舒夜嘴角忍不住抽了抽,不發一語的起身便往樓下走,“得了,芳華樓交給你,皇上不拆了我舒家的骨我就不姓舒。”
“我就猜到是這個結果。”樂呵呵的搖着扇,拼命想要扇幹自己的發,他一臉的笑意卻慢慢凝固起來。
“主子。”未央從另一個房間進來,恭謹的垂首站在他面前,還未開口稟告,整個身子便被他一個翻扯,拉入懷中,臉色一紅,她剛要像以往嗔怪的與他嬉鬧一番,卻見他已經有些煩躁的傾下身子吻住了自己的脣。
然後,在她還未反應過來時,又猛地一把推開了她。
司胤殿下有些煩躁,這是作爲一個女人看出的結果,主子心裡有些不痛快,這是未央爲人下屬得出的結論。
“主子?”疑惑的揚揚眉,如果她猜的不錯,她家主子會有這樣抽風的反應,應該是和女人有關,果真,她聽到她家主人喃喃的摸着自己的嘴脣,自言自語道,“不是這個感覺,不是應該一樣的嗎?怎麼和別人,偏偏沒有那種感覺呢。”

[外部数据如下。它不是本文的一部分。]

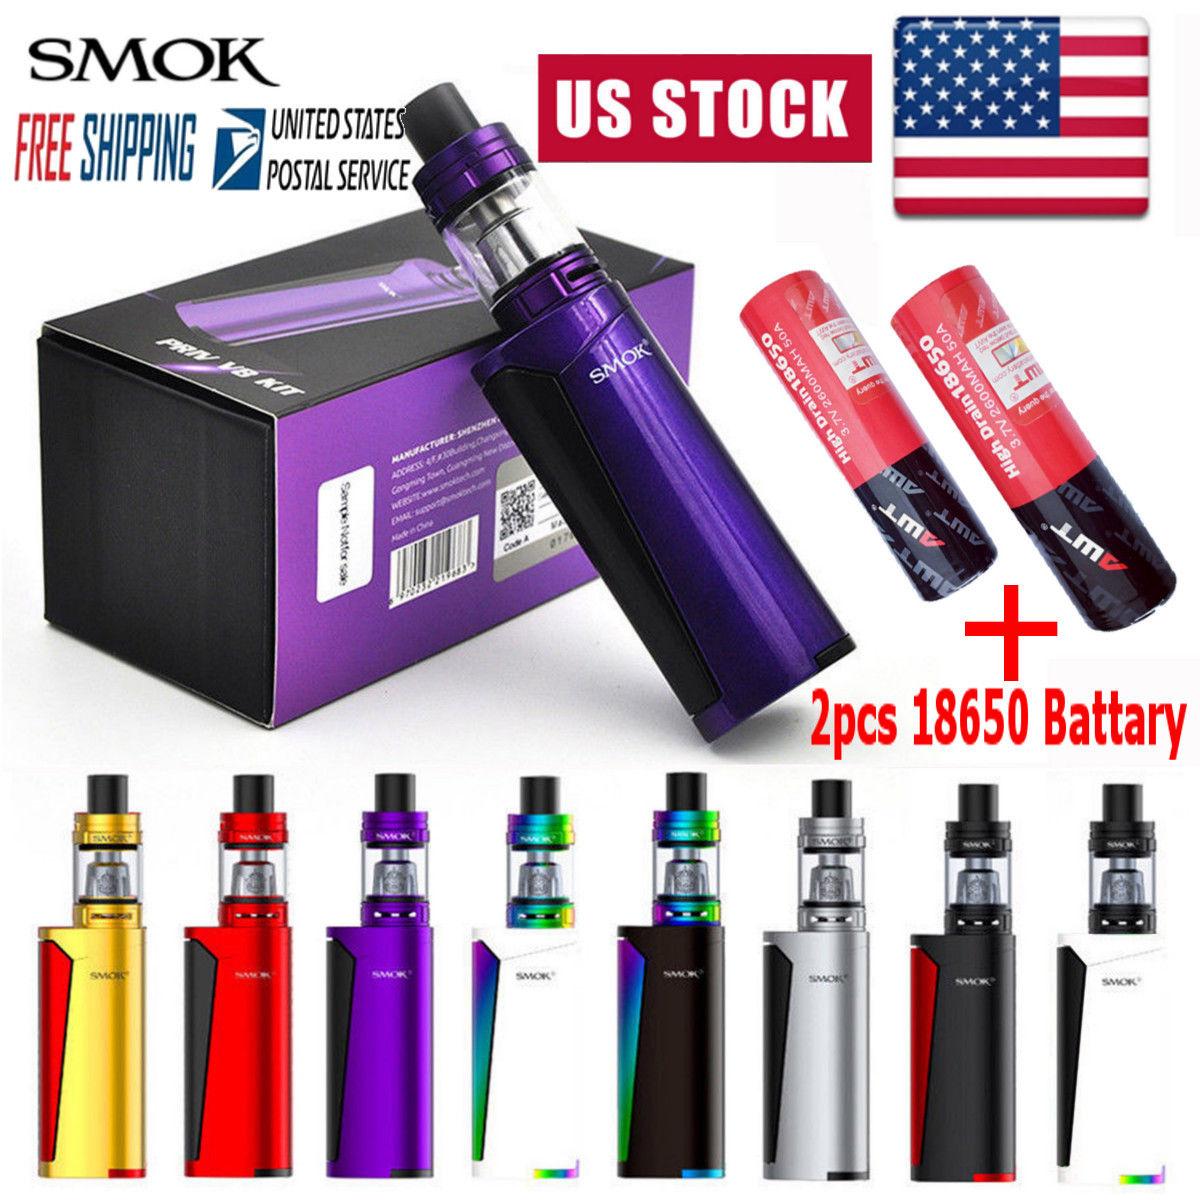 Smok1 60W PRIV V8 Starter Full Vape1 Kit Mod with TFV8 Tank & 2PCS Battery

未央愣了愣,終於能夠確定,她的司胤殿下如此反常,是真的和女人有關了。
“主子。”無奈的按按腦門,未央輕嘆一聲,“我們查出來了,紅包的孃親以前是軒王府的丫鬟,還曾經是軒王爺的貼身侍婢。”
“貼身侍婢啊?”顧司胤倒是能馬上抓住她話裡的訊息,驀地挑眉一笑,順手一把拉過未央,在她額上印下一吻,“未央我真是太愛你了。”
“殿下這話對多少女人說過?”未央媚笑着貼在他胸口,不住的划着圓圈,“有沒有和那位讓殿下如此煩躁的美人說過呢,恩?”
司胤笑眯眯的捏捏她的臉,說的半真半假,“我這些話,自然只對你說過,她啊……”他忽然想起那天也是在這個酒樓裡,青珞哂笑着,說自己被一條瘋狗咬了,此後竟然每次都拐着彎罵他是瘋狗,剛纔和三弟說話時,好像也罵人了啊,還真是牙尖嘴利的。
未央見他一臉溫柔的笑,摒棄了輕浮輕佻,帶着幾分曖昧剩下幾分發自內心的真意,讓她有些嫉妒起那個女人來,誰能當得起顧司胤這樣一個笑,便是讓那些女人死了都甘願。
“好了,再替我去查查那個女人當年爲什麼離開軒王府。”抱着懷裡的女人只有半刻溫存,司胤卻立刻將美人推了開去,“如果我猜的沒錯,這跟紅包的身世有些關係。”他笑
眯眯的摸着下巴,卻讓未央身上一個哆嗦,心中只能嬌笑着替那位紅包祈福了,誰叫這位好死不活的犯了司胤殿下的忌諱,叫了他一聲孔雀啊,呵呵,想起來,就覺得好笑。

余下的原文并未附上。